▶ **ASSIGNMENT**
Without the pictures, set down everything in the listing exactly.
(DATA SHOWN begins)
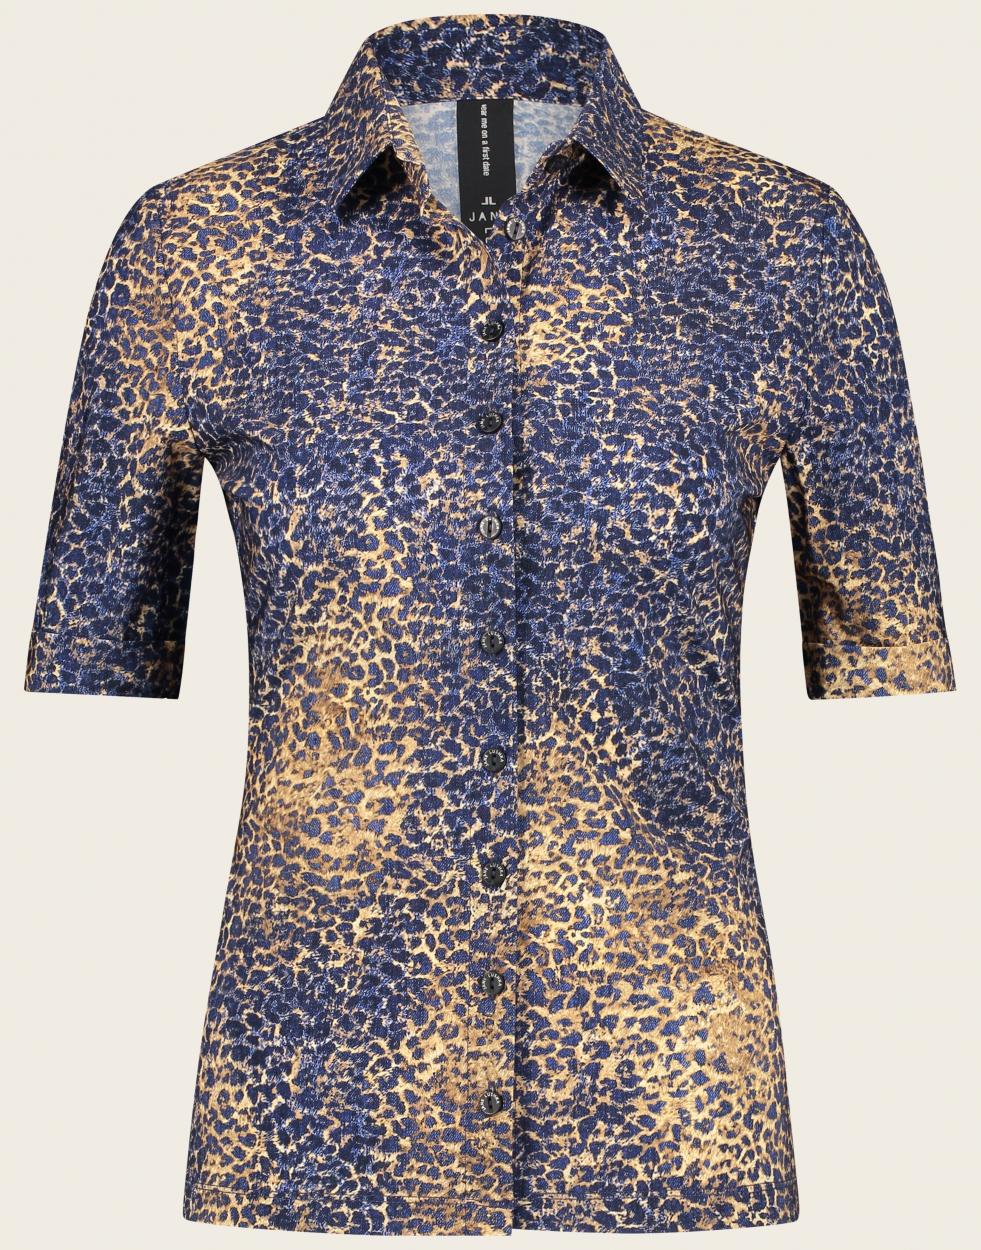 Jane Lushka halbarm Bluse mit Leopardenmuster blau
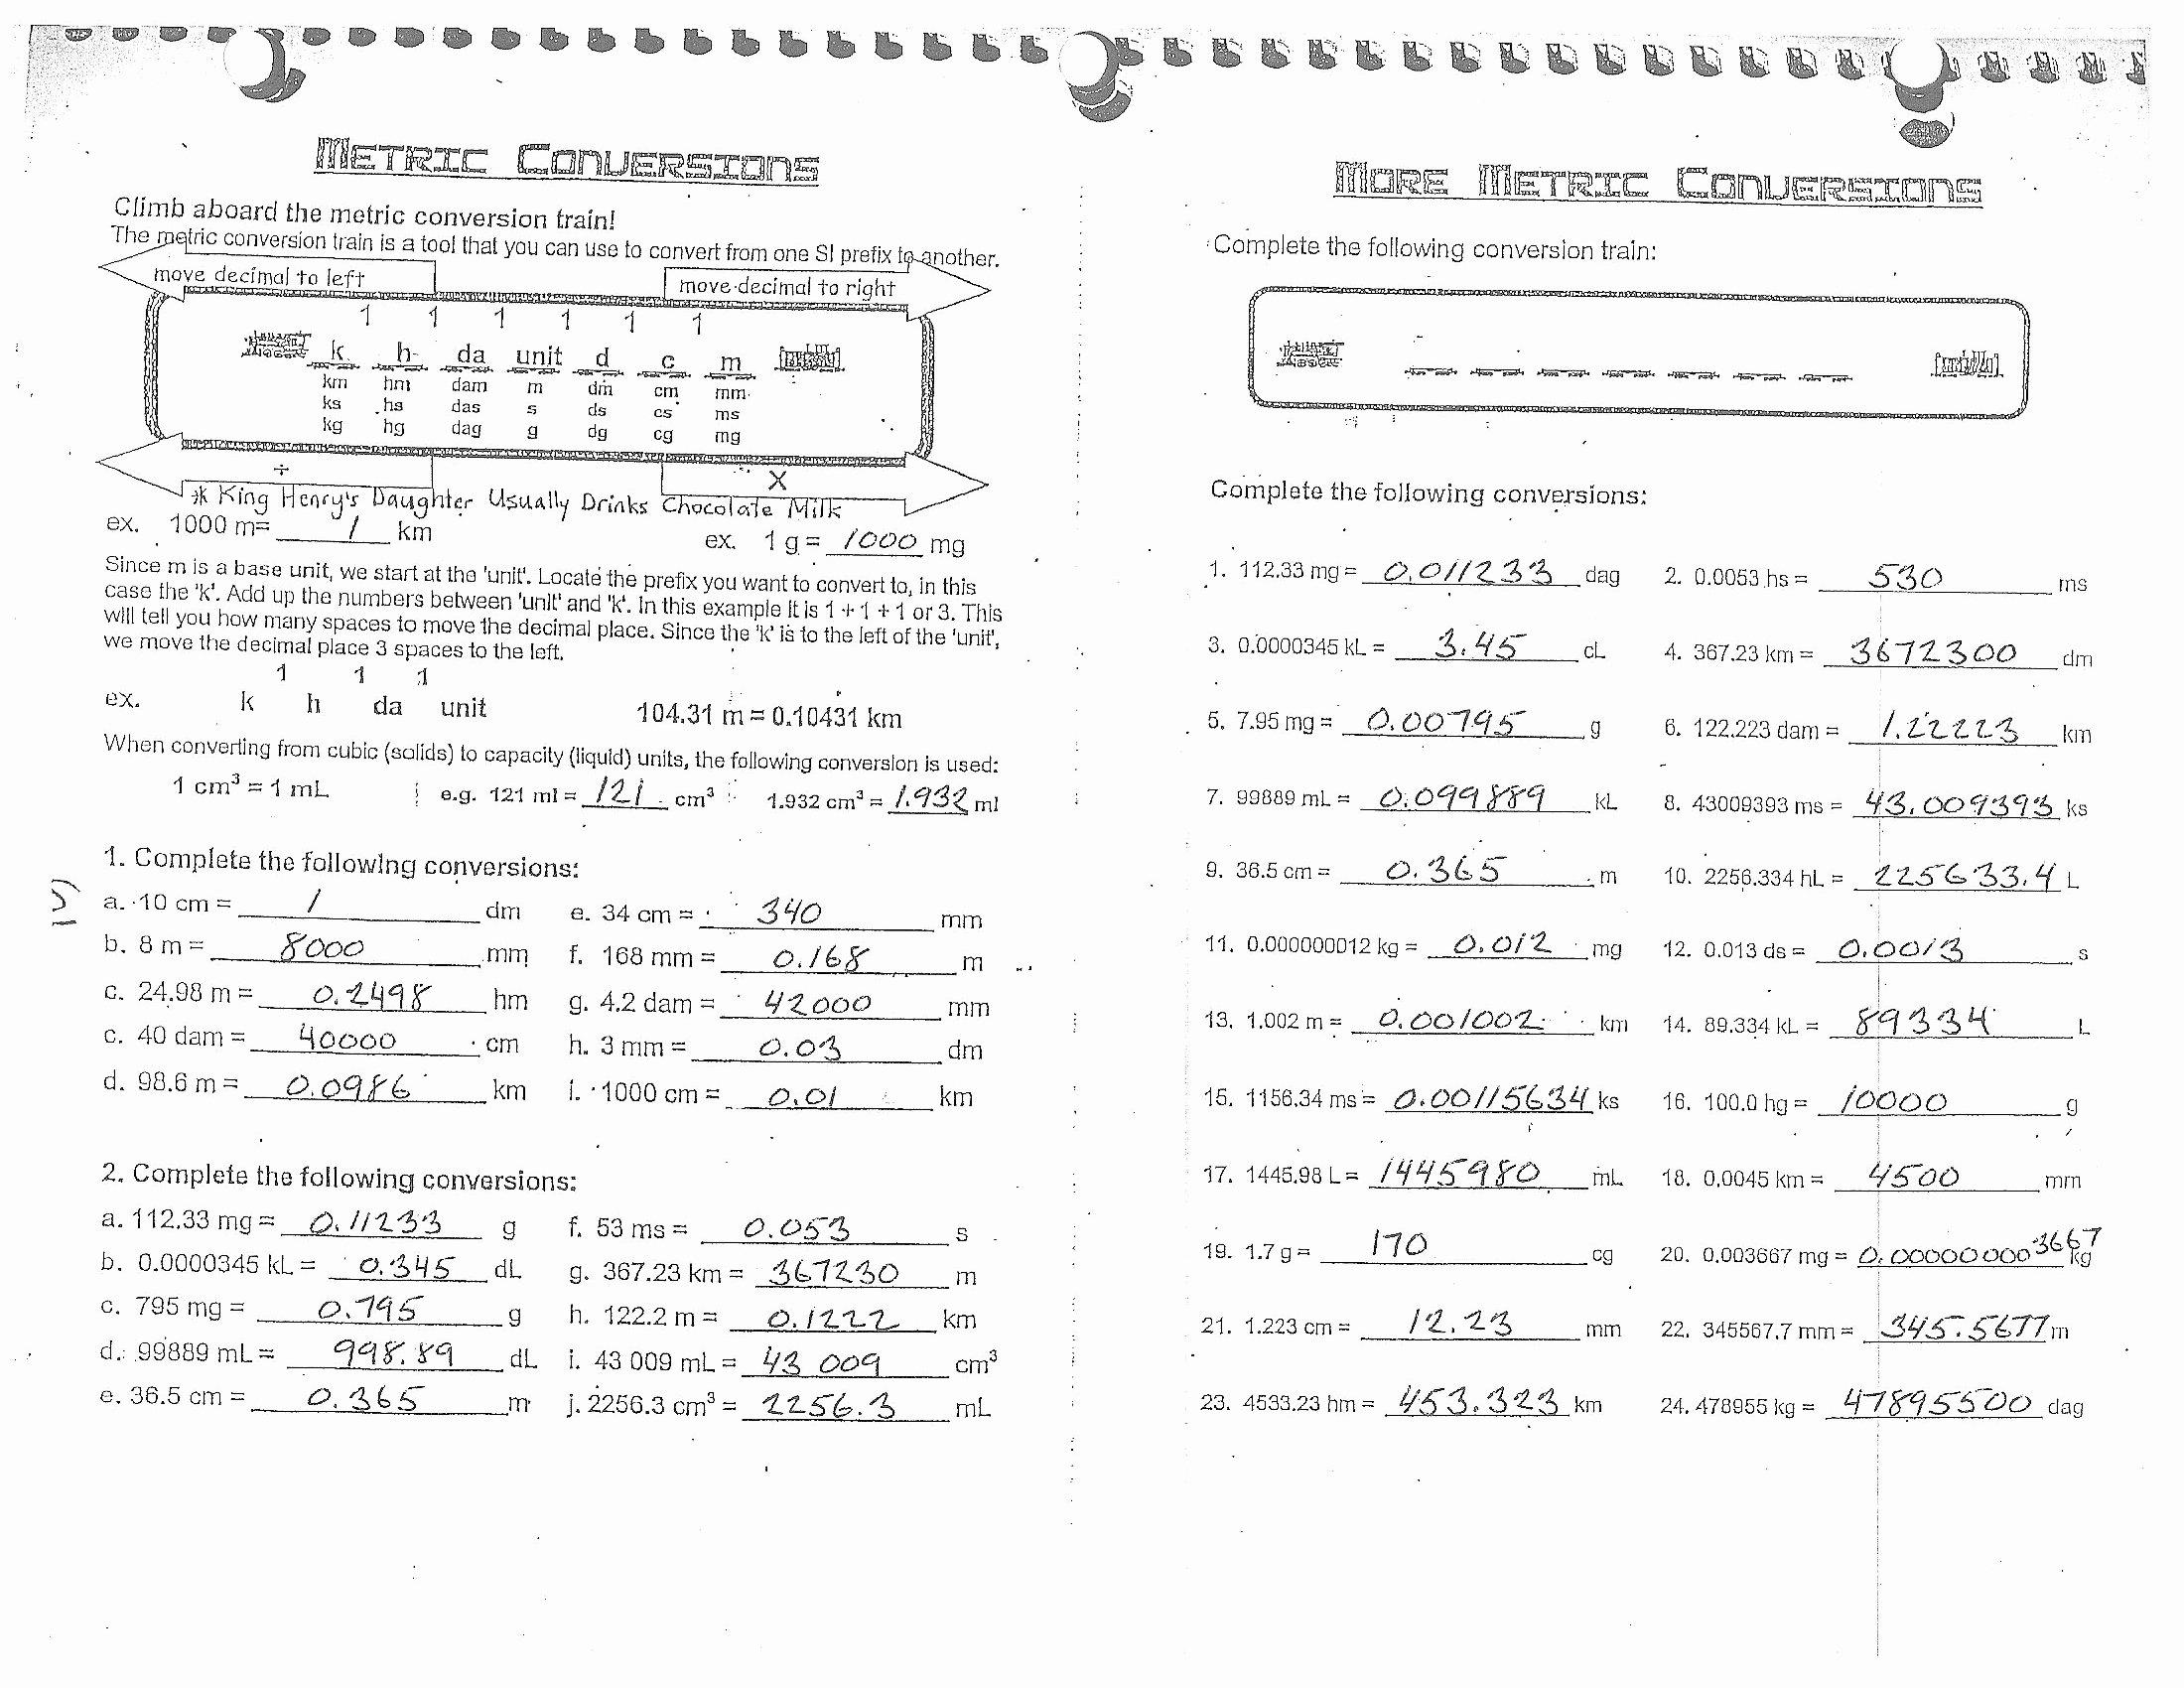 Unit Conversion Worksheet Answers Luxury Biology Worksheet Category Page 4 Worksheeto
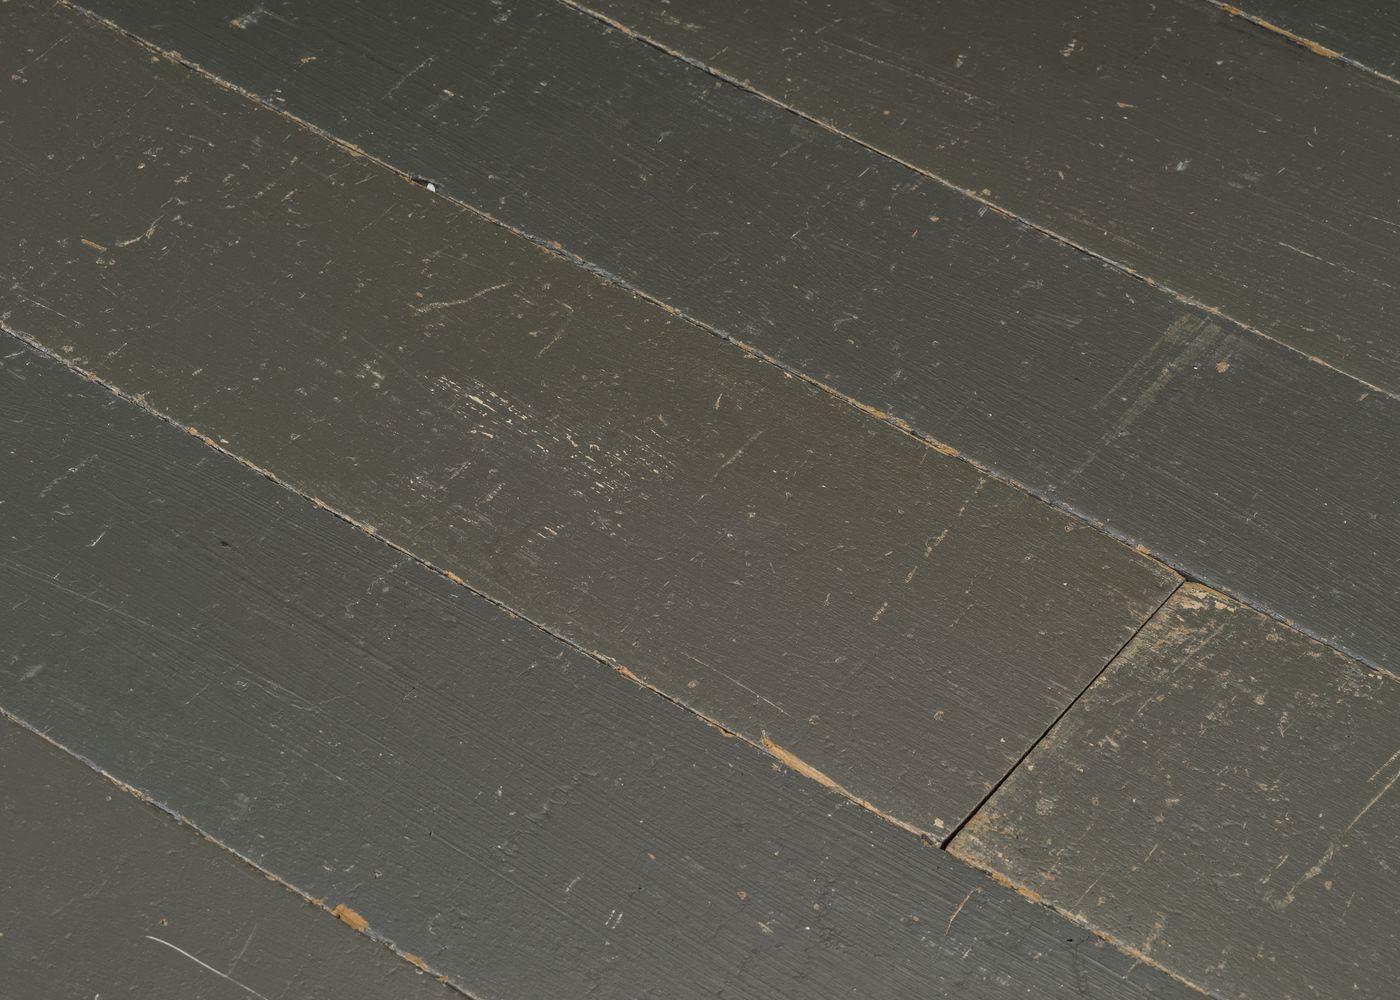 Parquet chêne massif PEINT GRIS vieilli huile cire 15x340x400-200015x120-200x1800-2700
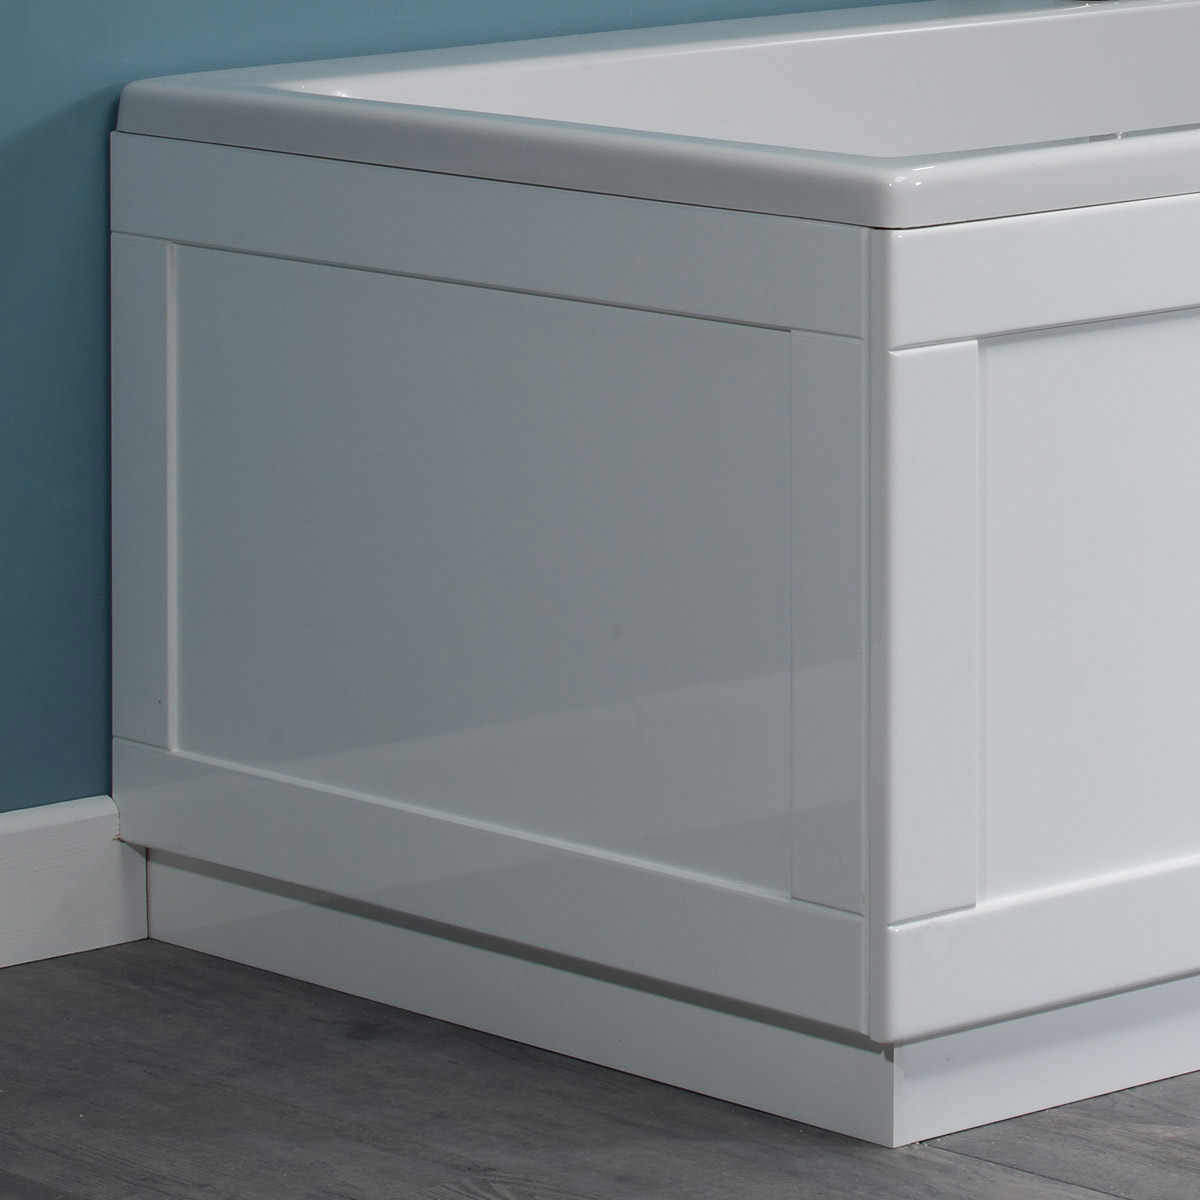 Roper Rhodes 800 Series 700mm White Bath End Furniture Panel
(DATA SHOWN ends)
▶ **EXERCISE SOLUTION**
 Jane Lushka halbarm Bluse mit Leopardenmuster blau
 Unit Conversion Worksheet Answers Luxury Biology Worksheet Category Page 4 Worksheeto
 Parquet chêne massif PEINT GRIS vieilli huile cire 15x340x400-200015x120-200x1800-2700
 Roper Rhodes 800 Series 700mm White Bath End Furniture Panel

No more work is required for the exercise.